From the data that follows, print exactly the lines starting at the one containing "Addy Home Fashions" and ending at the one containing "pitch, .050 gauge, small"; include both of them and nothing more.

____

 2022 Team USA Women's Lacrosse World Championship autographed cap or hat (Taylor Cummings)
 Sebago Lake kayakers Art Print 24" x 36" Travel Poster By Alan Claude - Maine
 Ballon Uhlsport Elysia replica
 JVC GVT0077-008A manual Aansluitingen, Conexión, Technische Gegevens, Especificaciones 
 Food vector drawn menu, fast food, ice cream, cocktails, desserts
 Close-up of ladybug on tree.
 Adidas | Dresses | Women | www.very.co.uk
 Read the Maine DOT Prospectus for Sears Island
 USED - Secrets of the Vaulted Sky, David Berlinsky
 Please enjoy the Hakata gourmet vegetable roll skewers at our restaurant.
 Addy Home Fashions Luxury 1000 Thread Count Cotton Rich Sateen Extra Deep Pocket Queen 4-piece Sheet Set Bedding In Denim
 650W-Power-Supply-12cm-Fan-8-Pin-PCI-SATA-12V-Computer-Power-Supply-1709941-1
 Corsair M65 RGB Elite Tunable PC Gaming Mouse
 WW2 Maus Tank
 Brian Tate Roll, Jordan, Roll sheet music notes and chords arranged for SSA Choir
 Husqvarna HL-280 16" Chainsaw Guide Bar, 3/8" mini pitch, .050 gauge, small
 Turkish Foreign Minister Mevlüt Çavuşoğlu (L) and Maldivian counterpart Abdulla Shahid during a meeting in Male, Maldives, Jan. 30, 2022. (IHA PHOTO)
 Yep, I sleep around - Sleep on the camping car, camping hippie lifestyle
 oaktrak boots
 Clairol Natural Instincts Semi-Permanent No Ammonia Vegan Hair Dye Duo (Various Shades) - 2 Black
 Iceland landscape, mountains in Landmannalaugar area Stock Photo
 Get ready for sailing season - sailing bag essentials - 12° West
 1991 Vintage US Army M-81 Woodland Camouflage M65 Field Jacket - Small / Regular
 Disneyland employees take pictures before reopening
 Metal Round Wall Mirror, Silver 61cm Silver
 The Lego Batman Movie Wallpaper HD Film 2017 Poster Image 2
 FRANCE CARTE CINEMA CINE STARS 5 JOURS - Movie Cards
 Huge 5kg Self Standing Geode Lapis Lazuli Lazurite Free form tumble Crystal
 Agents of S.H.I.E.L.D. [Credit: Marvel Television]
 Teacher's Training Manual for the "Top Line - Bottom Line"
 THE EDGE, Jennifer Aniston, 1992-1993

____

**PROBLEM SOLUTION:**
 Addy Home Fashions Luxury 1000 Thread Count Cotton Rich Sateen Extra Deep Pocket Queen 4-piece Sheet Set Bedding In Denim
 650W-Power-Supply-12cm-Fan-8-Pin-PCI-SATA-12V-Computer-Power-Supply-1709941-1
 Corsair M65 RGB Elite Tunable PC Gaming Mouse
 WW2 Maus Tank
 Brian Tate Roll, Jordan, Roll sheet music notes and chords arranged for SSA Choir
 Husqvarna HL-280 16" Chainsaw Guide Bar, 3/8" mini pitch, .050 gauge, small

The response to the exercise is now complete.